Publié le 19 février 2009 par Forrestgump54
Dès le début de la crise en Outre-mer, les médias locaux se sont efforcés d'ouvrir leurs antennes, relayant les revendications sociales, multipliant les émissions de débats, de décryptages, ouvrant des forums de discussions sur Internet, assumant même une forme d'engagement politique aux côtés des grévistes. Une effervescence qui tranche avec les pratiques compassées des médias métropolitains. Alors que la crise sociale a connu un nouveau tournant cette nuit, en Guadeloupe, avec la mort d’un syndicaliste, vraisemblablement « tué par une balle tirée depuis un barrage tenu par des jeunes », les médias sont en pleine effervescence.En première ligne à RFO, Luc Laventure, directeur des antennes de la station l’expliquait à sa manière « nous sommes des peuples d’oralité donc la parole complexe de l’outre-mer est au centre de nos préoccupations ». Pour les métropolitains, seul le visionnage des débats quotidiens sur les antennes de RFO permet d’ailleurs de se faire une idée de l’ampleur des enjeux.
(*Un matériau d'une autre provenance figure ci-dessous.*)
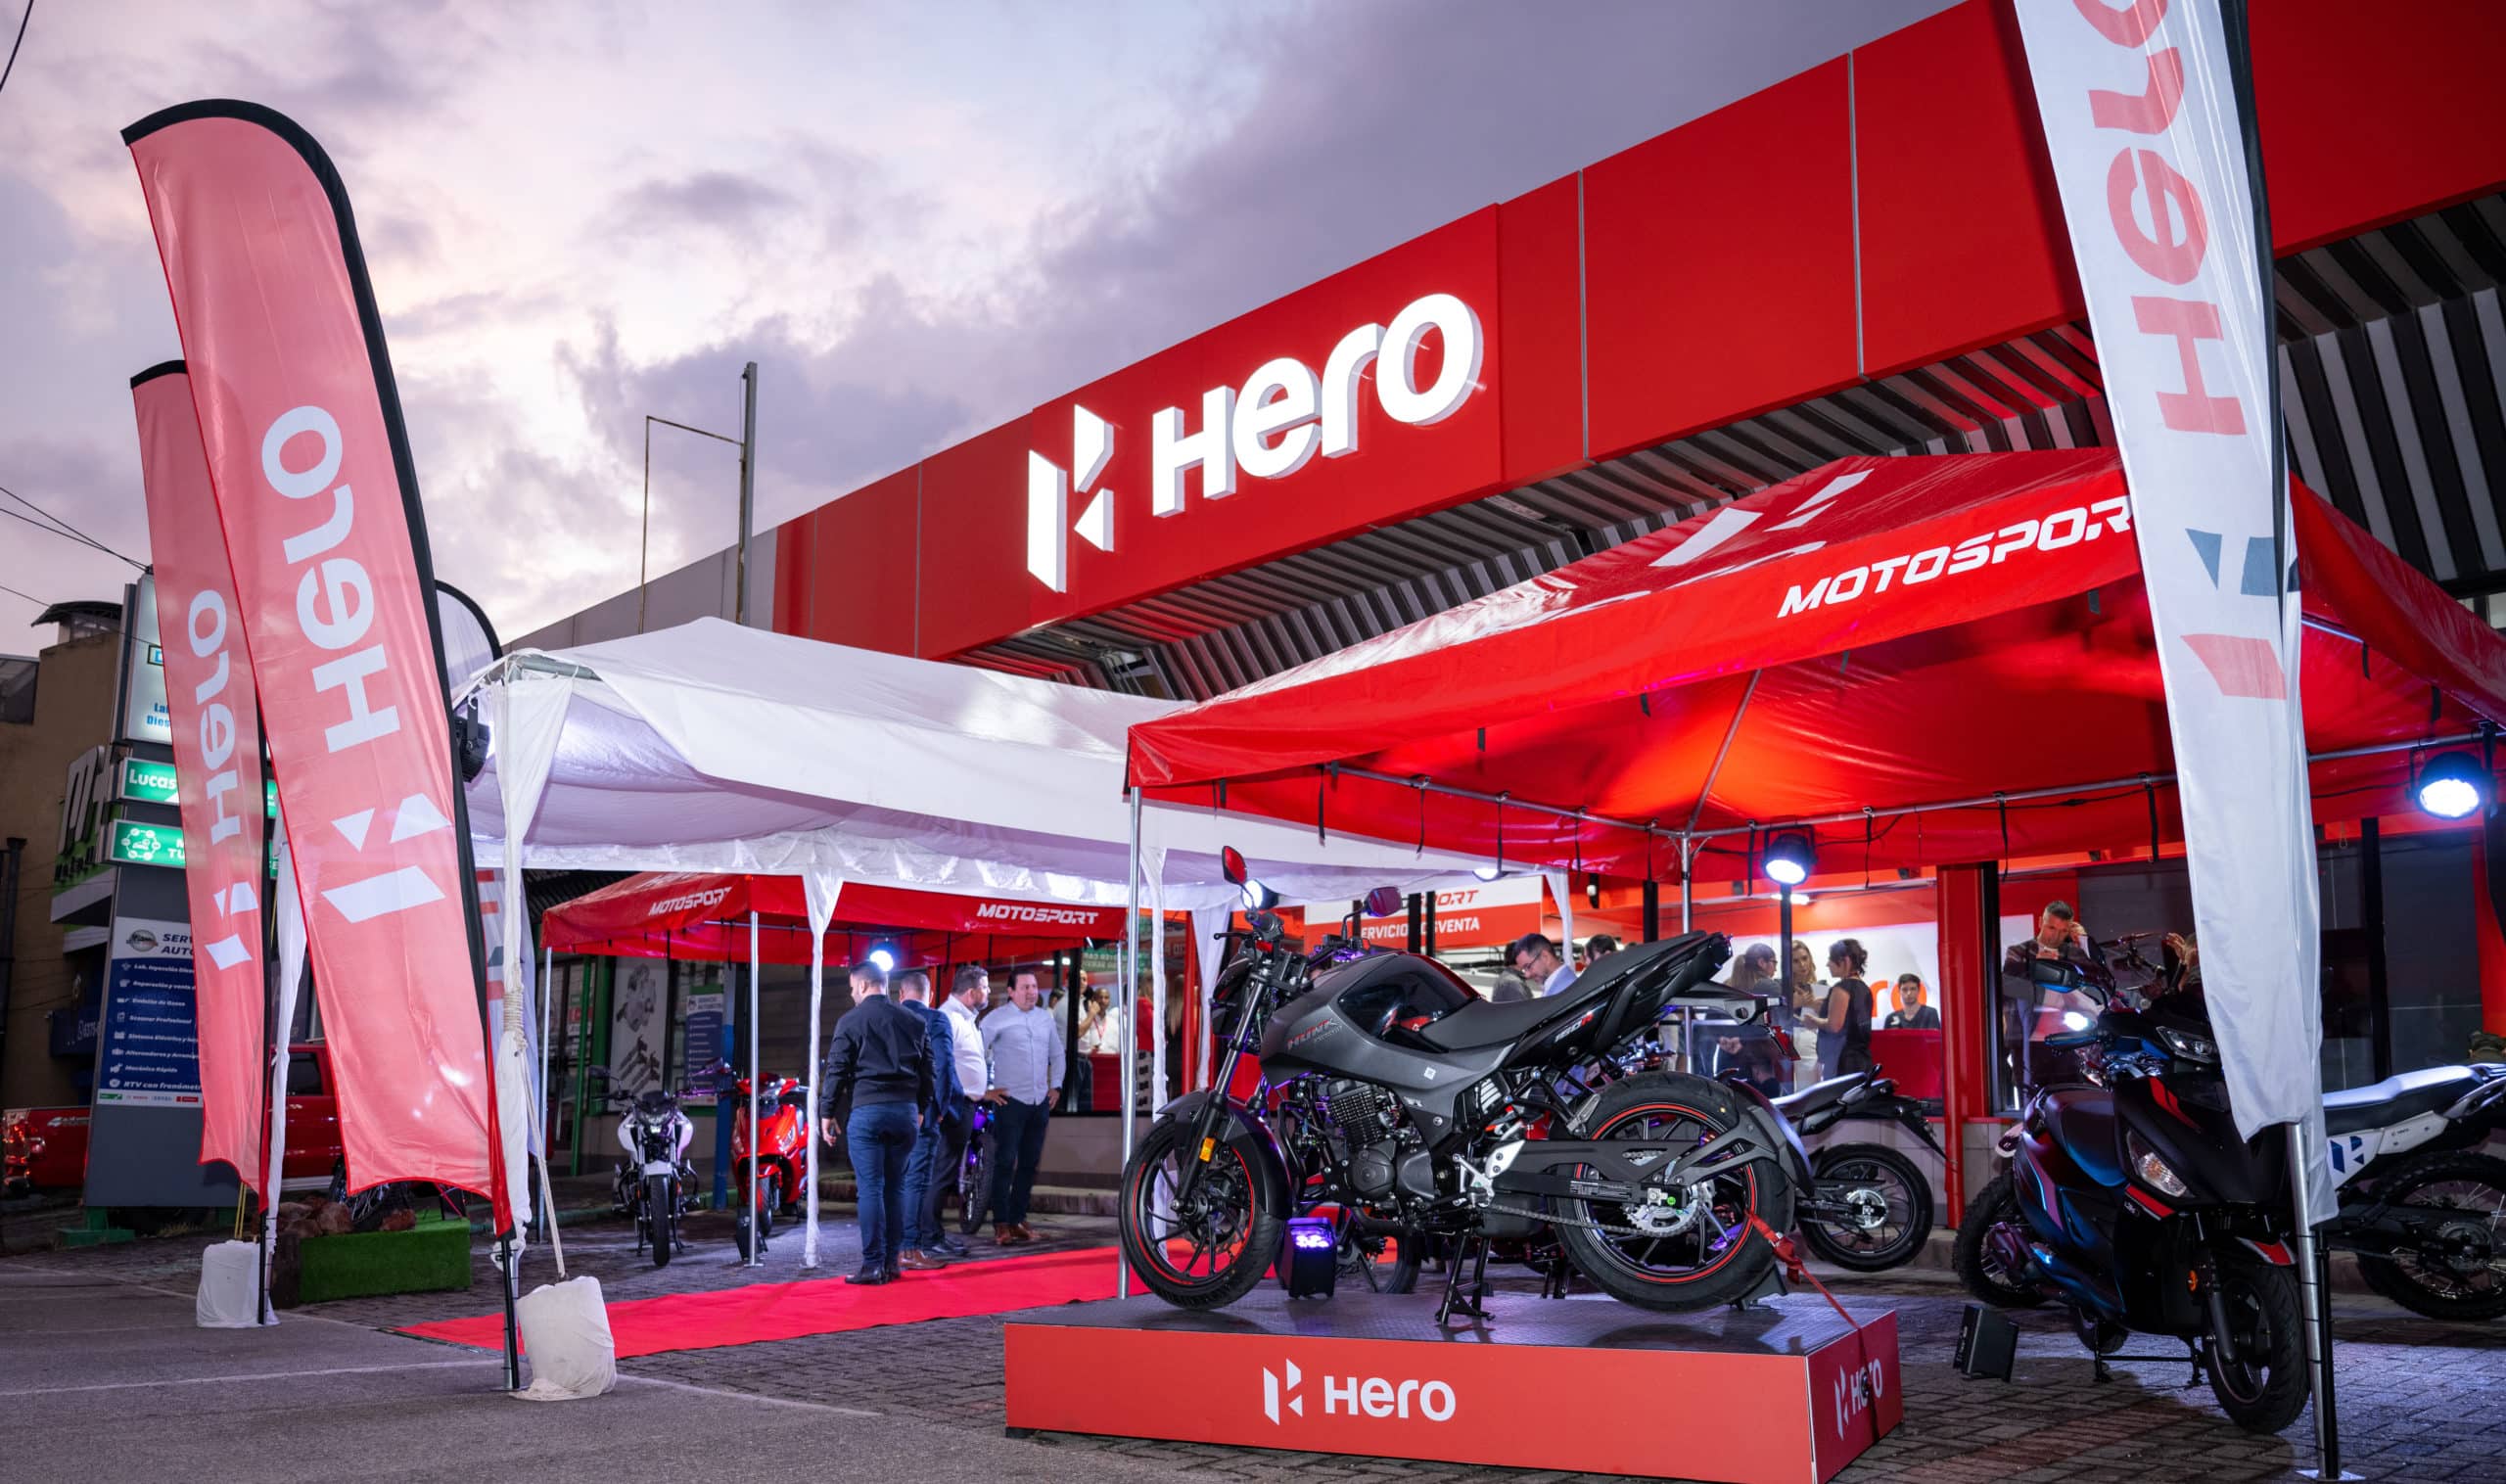 Empresa Motosport asume distribución de marca india de motos Hero y anuncia expansión en el país

Des médias porte-voix des revendications sociales
Forts de ce constat, la plupart des médias d’Outre-mer ont mis en place des émissions de débat spéciales, des forums, des espaces de libre expression. Selon l’Agence France Presse, depuis le début de la grève France O ou encore Radio Tropiques FM, constatent une forte augmentation de la fréquentation des sites internet, « les standards explosent et les programmes spécial crise connaissent un grand succès ». C’est en toute conscience que ces médias ouvrent leurs antennes à une parole critique et se sont largement faits les porte-voix des revendications des grévistes, venant ainsi contre balancer le retard à l’allumage des médias de la métropole.
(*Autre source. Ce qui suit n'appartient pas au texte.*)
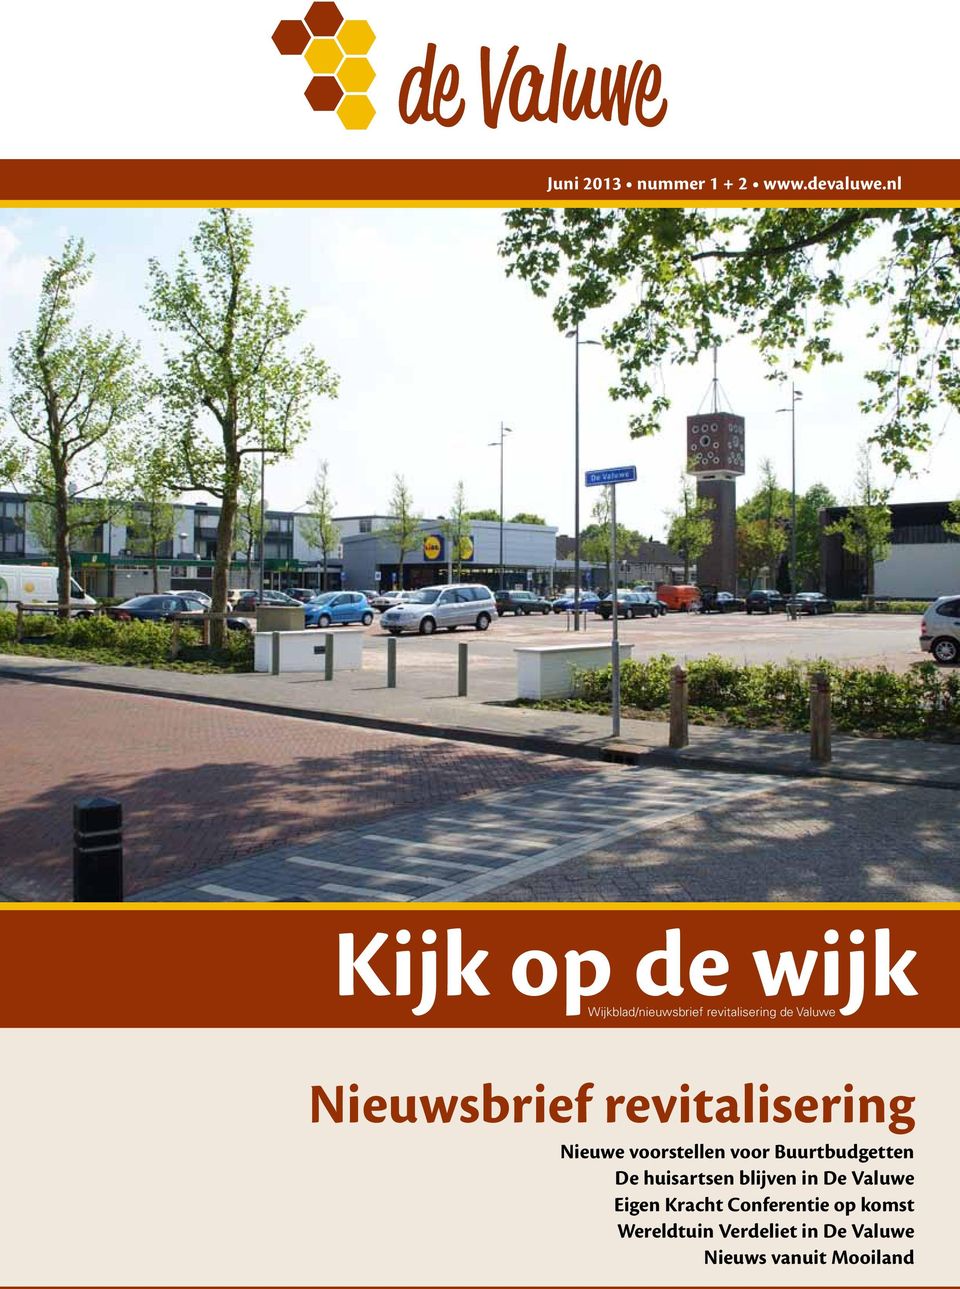 Wijkblad/nieuwsbrief revitalisering de Valuwe Nieuwsbrief revitalisering Nieuwe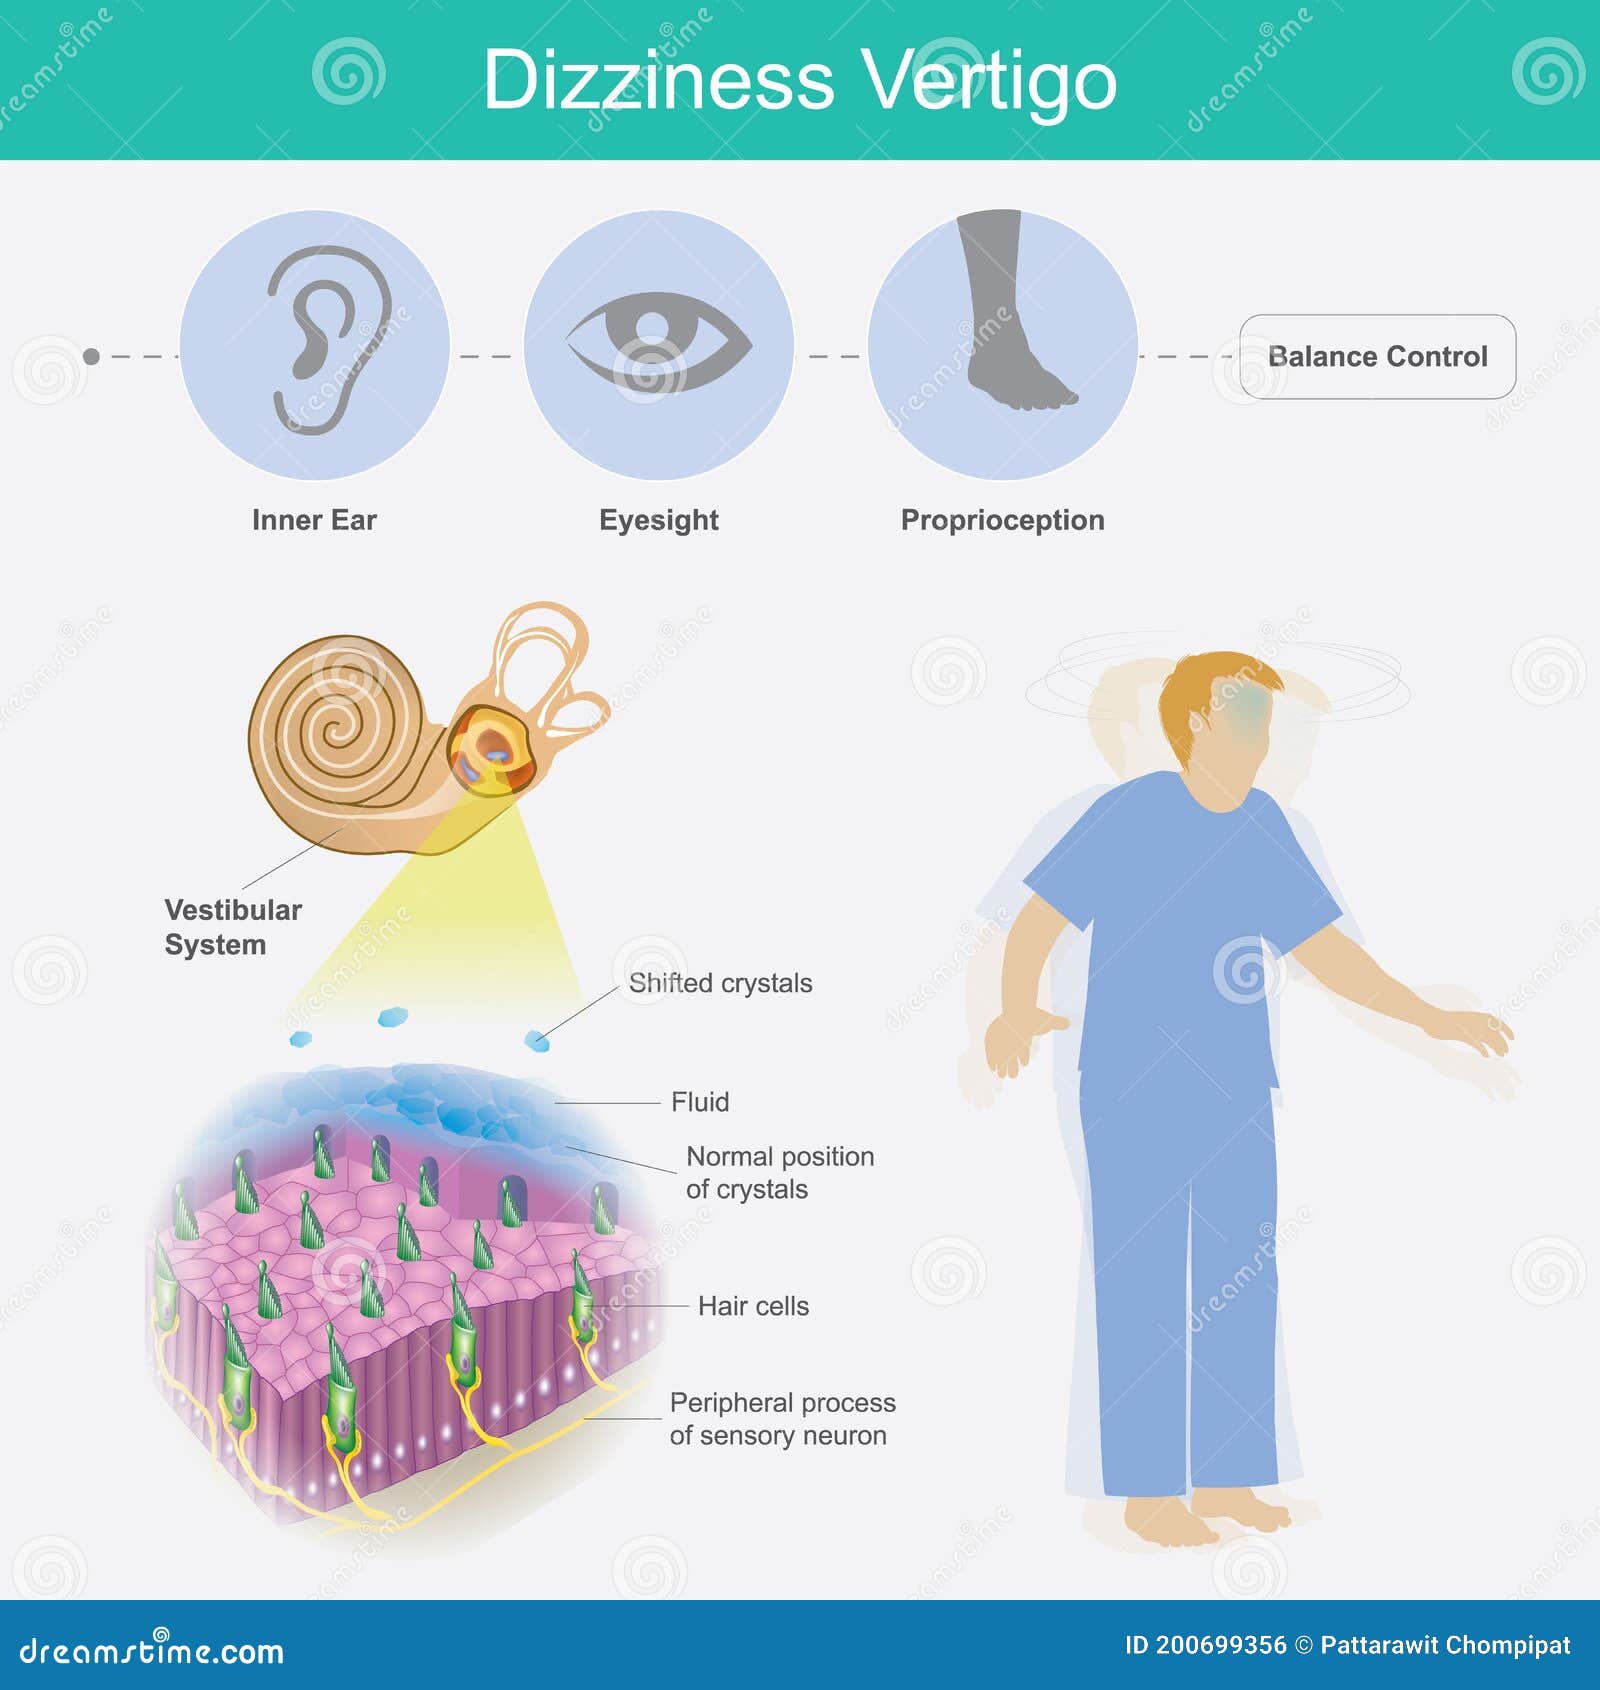 dizziness vertigo.  explain dizziness

Les journaux « téléguidés » de la métropole
Au sein de ses deux tranches d'info quotidiennes, France O consacre entre cinq et sept sujets à la grève. Les séances de négociation avec le LKP ont été diffusées en direct. Et depuis lundi, une émission décrypte la crise, tous les soirs de 19h30 à 20h30. En contre-point, sur les forums de France O, revient souvent le thème des médias téléguidés de la métropole : « M. Domota n’a pas les faveurs des médias, difficile de l’apercevoir au Journal Téléguidé de 20 heures, dans ce pays les journalistes ont une telle tradition de soumission que pas un n’a osé poser à M. Sarkozy la moindre question sur le conflit en Guadeloupe », peut-on y lire.Les médias antillais reprochent largement au président sa discrétion. Son absence, interprétée comme une crainte de ne pouvoir maîtriser son image, est perçue comme une véritable marque de mépris.
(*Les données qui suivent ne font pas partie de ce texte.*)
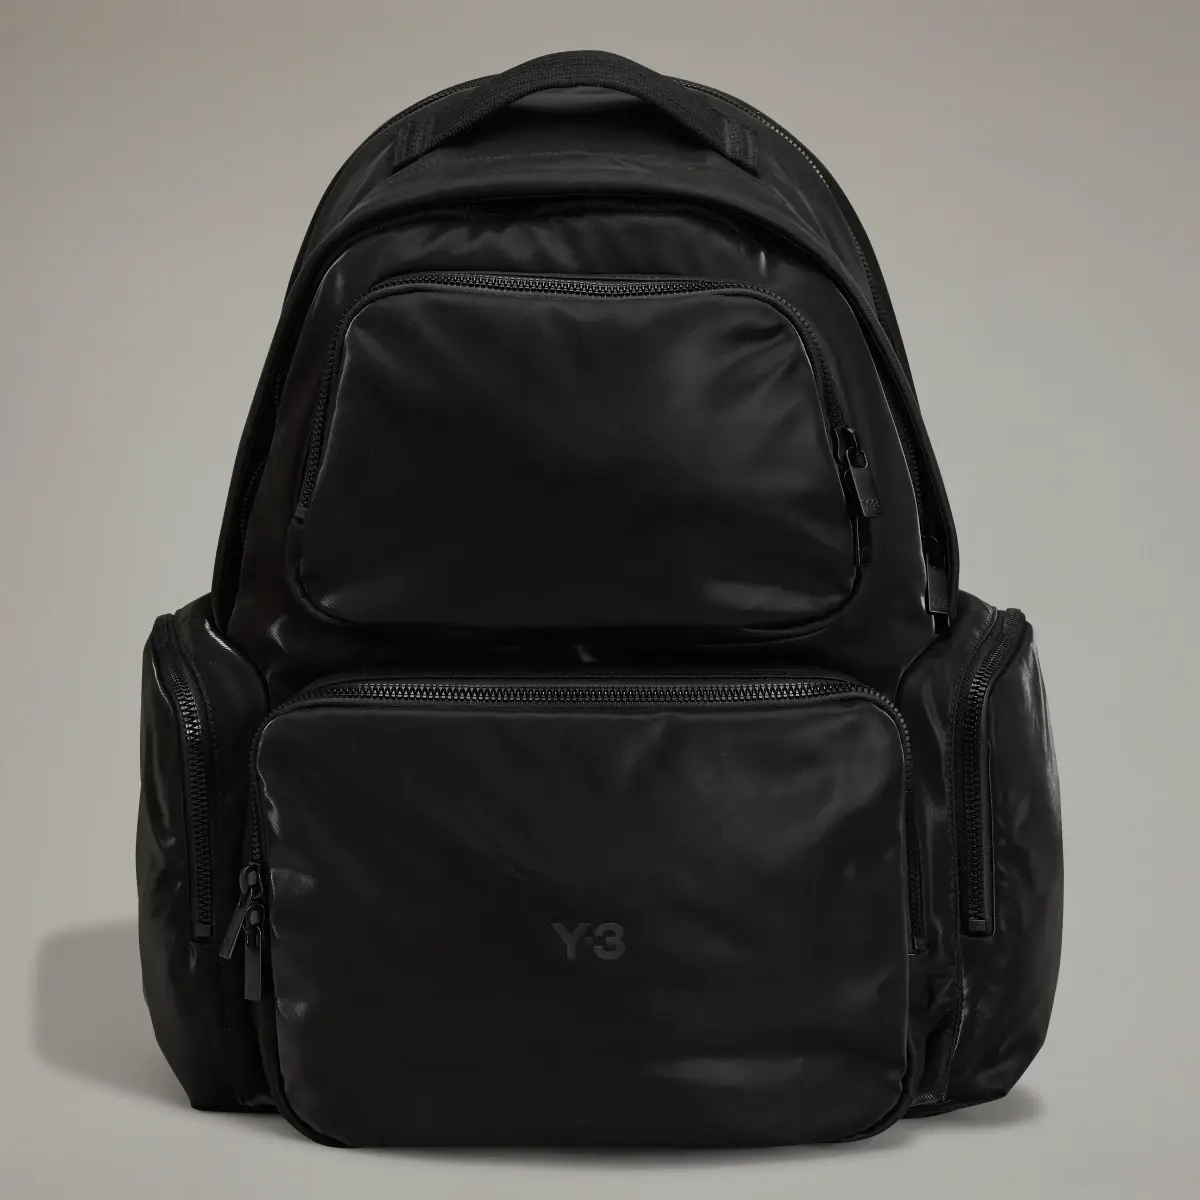 Adidas Y-3 Utility Backpack. 2

Des éditorialistes légitimant des méthodes quasi-insurrectionnelles
Les journalistes, eux aussi, ont d’emblée adopté un ton très militant tranchant avec les habitudes métropolitaines. Luc Laventure, toujours lui, constatait aujourd'hui même sur RFO que le début de la grève coïncidait avec le jour de l’investiture d’Obama « et l’élection d’un nègre, non pas d’un métis comme on le dit, a agi comme un puissant stimulant. Le compromis savamment organisé jusqu’ici en Martinique et en Guadeloupe s’est subitement rompu et va déboucher sur des violences. On peut le regretter mais on peut aussi dire en étant démocrate et républicain que cela va déboucher sur des progrès considérables ».Imaginez un Duhamel — ou l'un de ses clones médiatiques — légitimant des méthodes quasi-insurrectionnelles sur des antennes nationales! On peut toujours rêver…
Perestroïka médiatique
Les verrous sautent un à un. Ainsi, sur France O (station du groupe RFO) on a pu voir un journaliste demander à son directeur d’antenne, en direct : « RFO, dans cette crise organise les espaces de paroles, mais quelle est la ligne de la station ? ». Pure folie dans nos contrées métropolitaines.Et le directeur, nullement gêné, de répliquer du tac au tac : « on a joué notre rôle de miroir des réalités locales, le dialogue était bloqué, on a fait circuler les paroles, on a fait notre boulot et nous en sommes fiers », assumant ainsi d’avoir ouvert ses antennes à la diaspora très largement solidaire du mouvement, autant que la propre solidarité de ses équipes avec les grévistes. Un vrai souffle d’air frais que d’entendre parler d’une grève en échappant aux aberrations coutumières sur « les prises d’otages des usagers ». Peut-être pourrait-on en prendre de la graine ?Philippe MARX - Agir ! Réagir !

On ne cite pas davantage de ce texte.